Figure S1. Summary of amino acid changes detected in the polyprotein of West Nile virus (WNV) full genome sequences compared with the consensus sequence of Eastern European and Mediterranean WNV subtypes, as described by May et al. [May et al. J Virol 2011]. The WNV strains are included in the figure have the following accession numbers: Marocco 96-111-horse (AY701412); France PaAn001-horse (AY268132); Marocco WNV04.05-horse (AY701413); France 2004-magpie (DQ786573); Portugal 2004-mosquitoes (AJ965628); Italy1998-horse (AF404757); Italy 2008-magpie (FJ483548); Ita09-human (Po river) (GU011992); Italy 2011/Livenza-human (JQ928174); Italy 2011/Piave-human (JQ928175); Spain 2007-eagle (FJ766332); Kenya 1998-mosquitoes (AY262283); Romania-RO97-50-mosq (AF260969); Russia 1999-mosquitoes (AF317203); LEIV-Vlg00-human (AY278442). The polyproteins of the WNV Piave and Livenza genomes (GenBank accession no. JQ928175 and JQ928174, respectively) had unique amino acid changes that were not previously reported in other WNV isolates (i.e., NS4B-A123T in the WNV Livenza genome and NS4B-A50T and NS5-E824D in the WNV Piave genome), as well as other amino acid changes that are not generally found in Eastern European and Mediterranean isolates (supplementary figure).
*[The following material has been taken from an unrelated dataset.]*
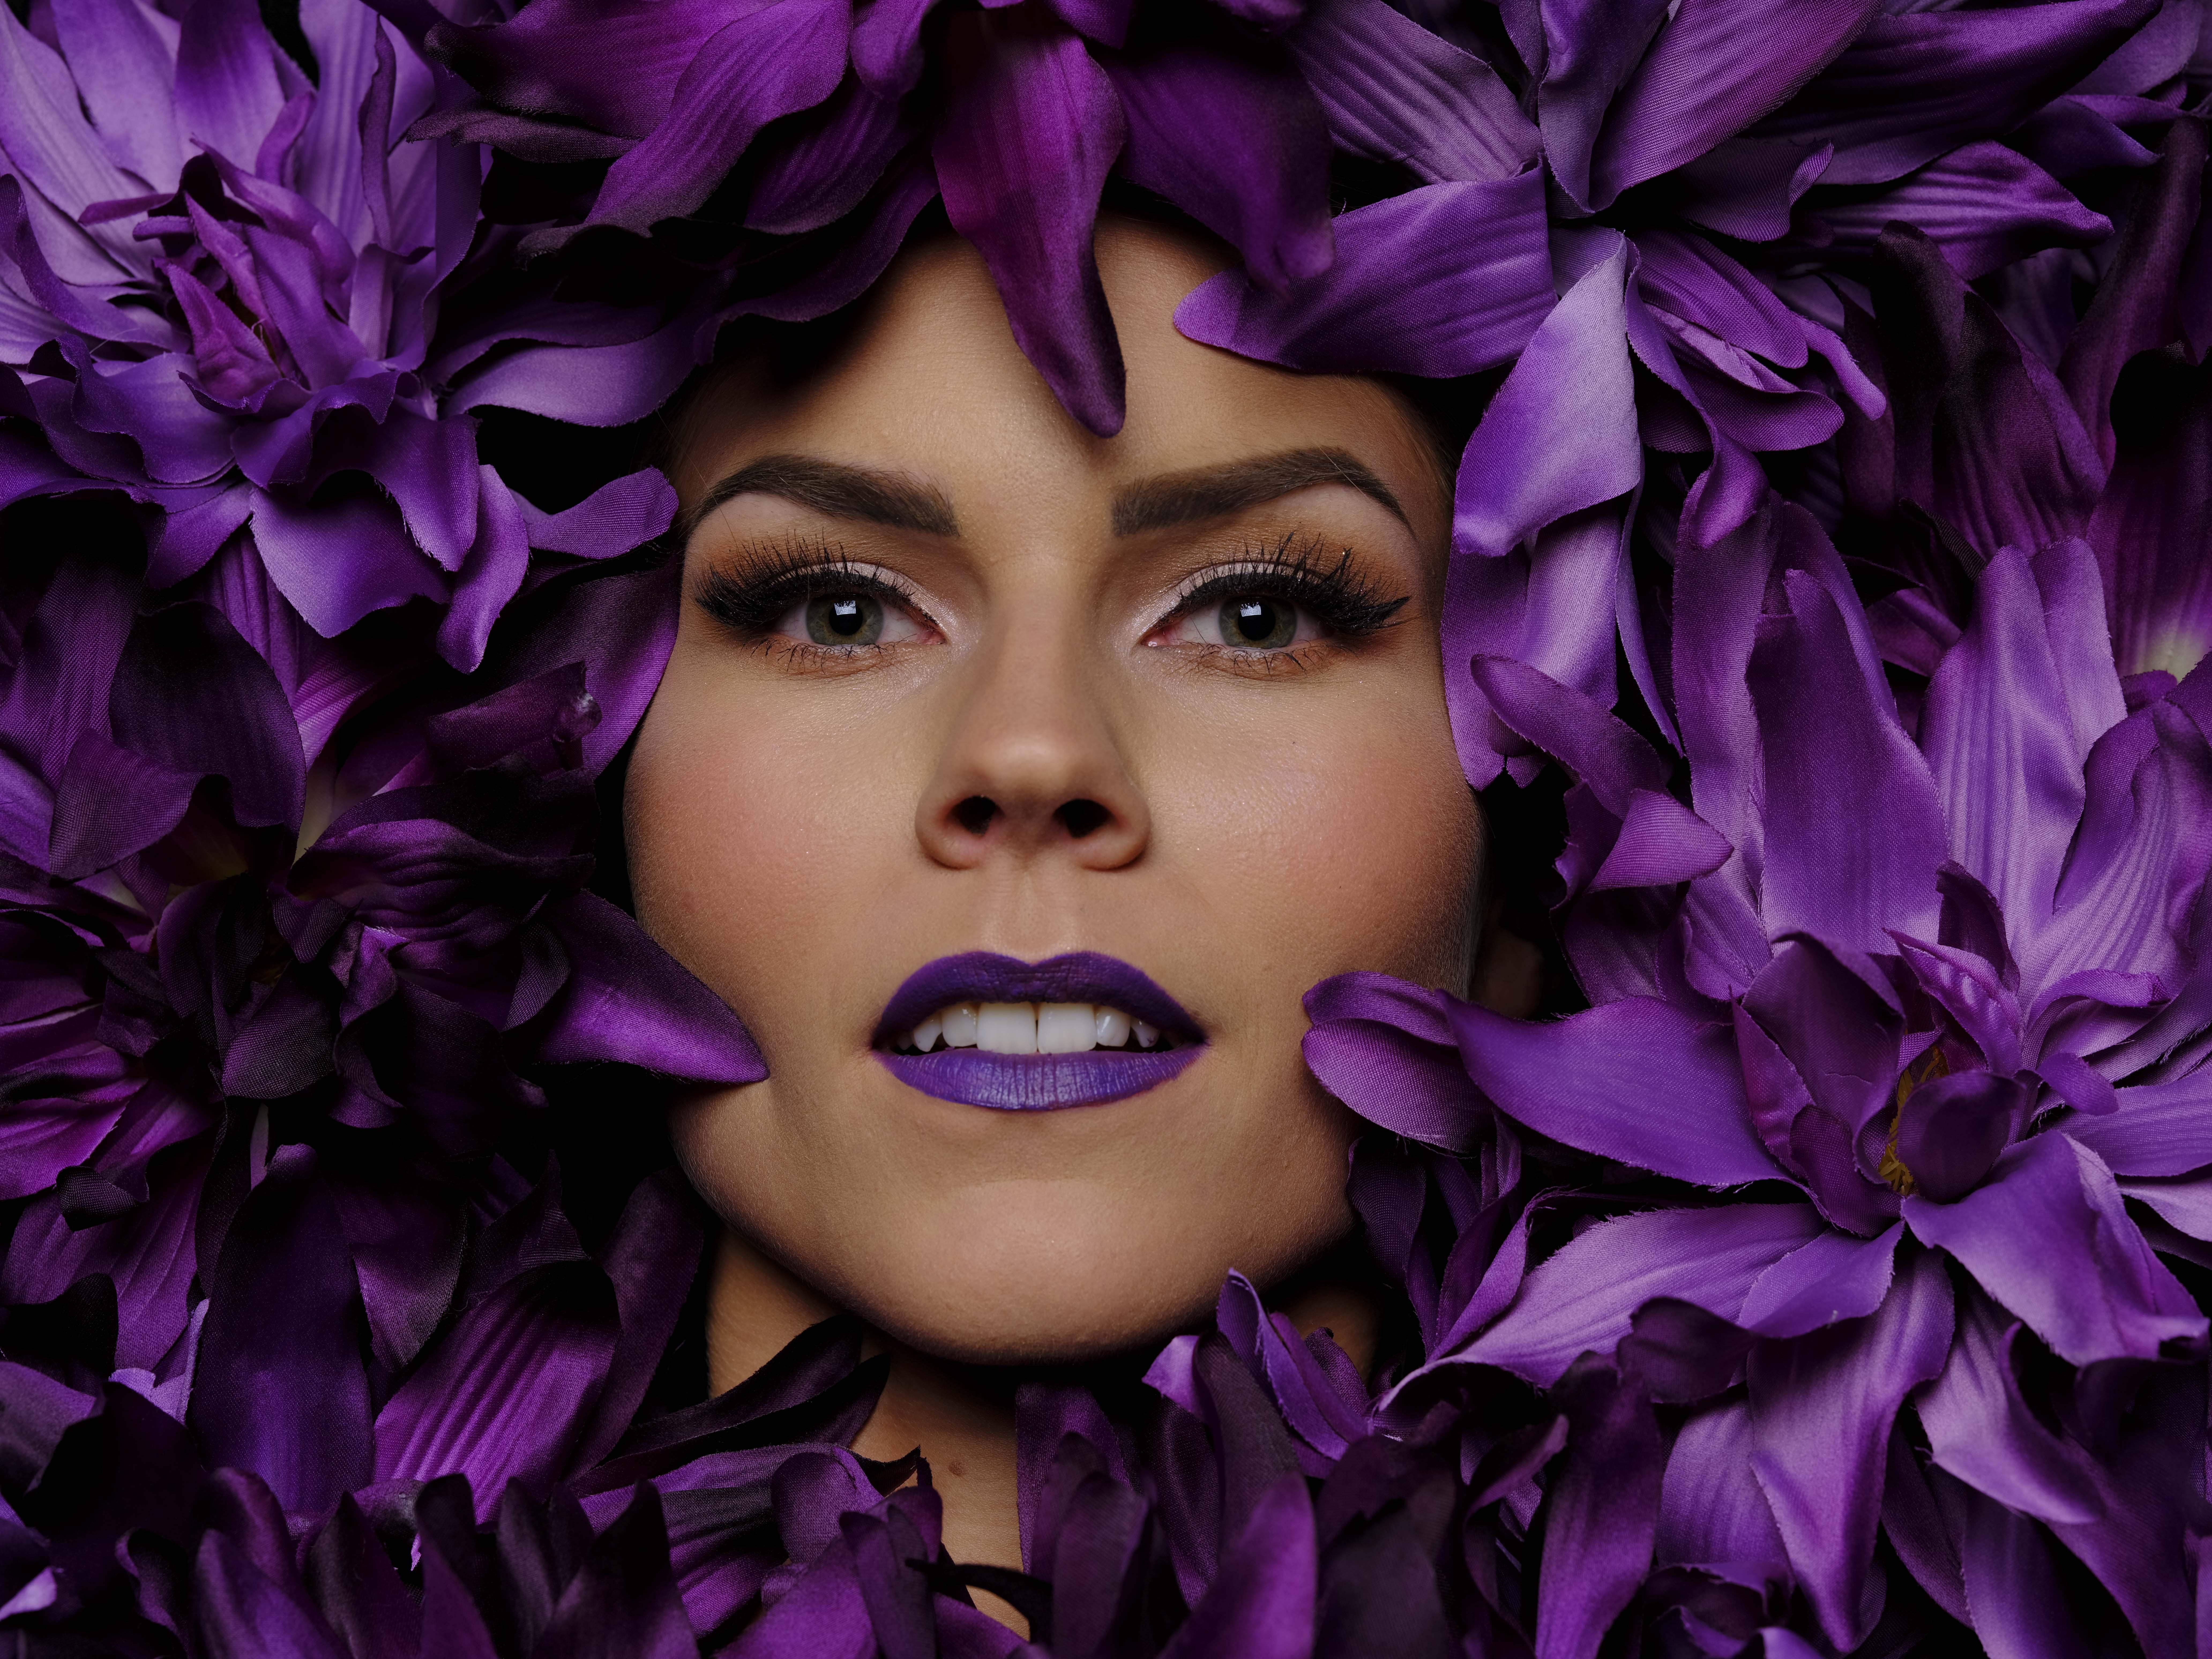 Flower Explosion - Nadine K.

These mutations include, in the WNV Piave genome, the NS5-R287K amino acid change that is also present in WNV clade 1c and in lineages 2, 3, and 4, and, in the WNV Livenza genome, the C-I118V change that is also present in WNV clade 1c, the conservative NS2B-A103V amino acid substitution that is typically found in Eastern European isolates, in the NY99 strain and in WNV lineage 3 (Rabensburg), the NS3-N158S that is present in the Ast02-3-717 isolate from Russia and in WNV lineage 3, and the non-conservative NS3-T249P amino acid substitution associated with avian virulence [Brault et al Nat Genet 2007].

References

Brault AC, Huang CY, Langevin SA, et al. A single positively selected West Nile viral mutation confers increased virogenesis in American crows. Nat Genet 2007; 39: 1162–6.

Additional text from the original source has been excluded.